Exercise objective:
Up to and including the line that contains "Samsung galaxy s4 release date in Australia", repeat each line of the data exactly, starting from the first.

*** Block opens ***

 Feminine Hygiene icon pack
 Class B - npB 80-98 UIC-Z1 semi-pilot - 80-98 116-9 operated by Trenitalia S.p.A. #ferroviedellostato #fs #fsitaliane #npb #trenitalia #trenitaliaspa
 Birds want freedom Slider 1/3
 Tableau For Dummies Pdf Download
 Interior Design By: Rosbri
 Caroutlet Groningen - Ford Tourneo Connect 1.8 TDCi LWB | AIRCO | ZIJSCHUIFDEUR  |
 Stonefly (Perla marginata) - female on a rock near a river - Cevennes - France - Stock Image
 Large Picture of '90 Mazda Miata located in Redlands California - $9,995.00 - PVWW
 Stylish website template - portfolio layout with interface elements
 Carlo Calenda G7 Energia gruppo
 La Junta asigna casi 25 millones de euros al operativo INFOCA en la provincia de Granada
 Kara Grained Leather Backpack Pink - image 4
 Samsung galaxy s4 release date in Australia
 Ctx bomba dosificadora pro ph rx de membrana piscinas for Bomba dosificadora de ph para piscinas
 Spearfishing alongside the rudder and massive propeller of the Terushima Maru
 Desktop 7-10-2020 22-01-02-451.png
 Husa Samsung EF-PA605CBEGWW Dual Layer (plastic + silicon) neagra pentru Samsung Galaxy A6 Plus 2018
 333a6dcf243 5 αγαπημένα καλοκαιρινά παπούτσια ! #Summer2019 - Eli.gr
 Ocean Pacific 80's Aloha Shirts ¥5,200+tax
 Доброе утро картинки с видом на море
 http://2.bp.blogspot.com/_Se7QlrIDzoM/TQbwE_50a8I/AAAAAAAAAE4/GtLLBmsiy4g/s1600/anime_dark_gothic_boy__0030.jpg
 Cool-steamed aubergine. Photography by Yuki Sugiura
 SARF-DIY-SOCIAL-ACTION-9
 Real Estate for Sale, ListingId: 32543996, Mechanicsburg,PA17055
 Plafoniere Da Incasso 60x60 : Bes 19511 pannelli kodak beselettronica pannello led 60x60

*** Block closes ***

Solution to this exercise:
 Feminine Hygiene icon pack
 Class B - npB 80-98 UIC-Z1 semi-pilot - 80-98 116-9 operated by Trenitalia S.p.A. #ferroviedellostato #fs #fsitaliane #npb #trenitalia #trenitaliaspa
 Birds want freedom Slider 1/3
 Tableau For Dummies Pdf Download
 Interior Design By: Rosbri
 Caroutlet Groningen - Ford Tourneo Connect 1.8 TDCi LWB | AIRCO | ZIJSCHUIFDEUR  |
 Stonefly (Perla marginata) - female on a rock near a river - Cevennes - France - Stock Image
 Large Picture of '90 Mazda Miata located in Redlands California - $9,995.00 - PVWW
 Stylish website template - portfolio layout with interface elements
 Carlo Calenda G7 Energia gruppo
 La Junta asigna casi 25 millones de euros al operativo INFOCA en la provincia de Granada
 Kara Grained Leather Backpack Pink - image 4
 Samsung galaxy s4 release date in Australia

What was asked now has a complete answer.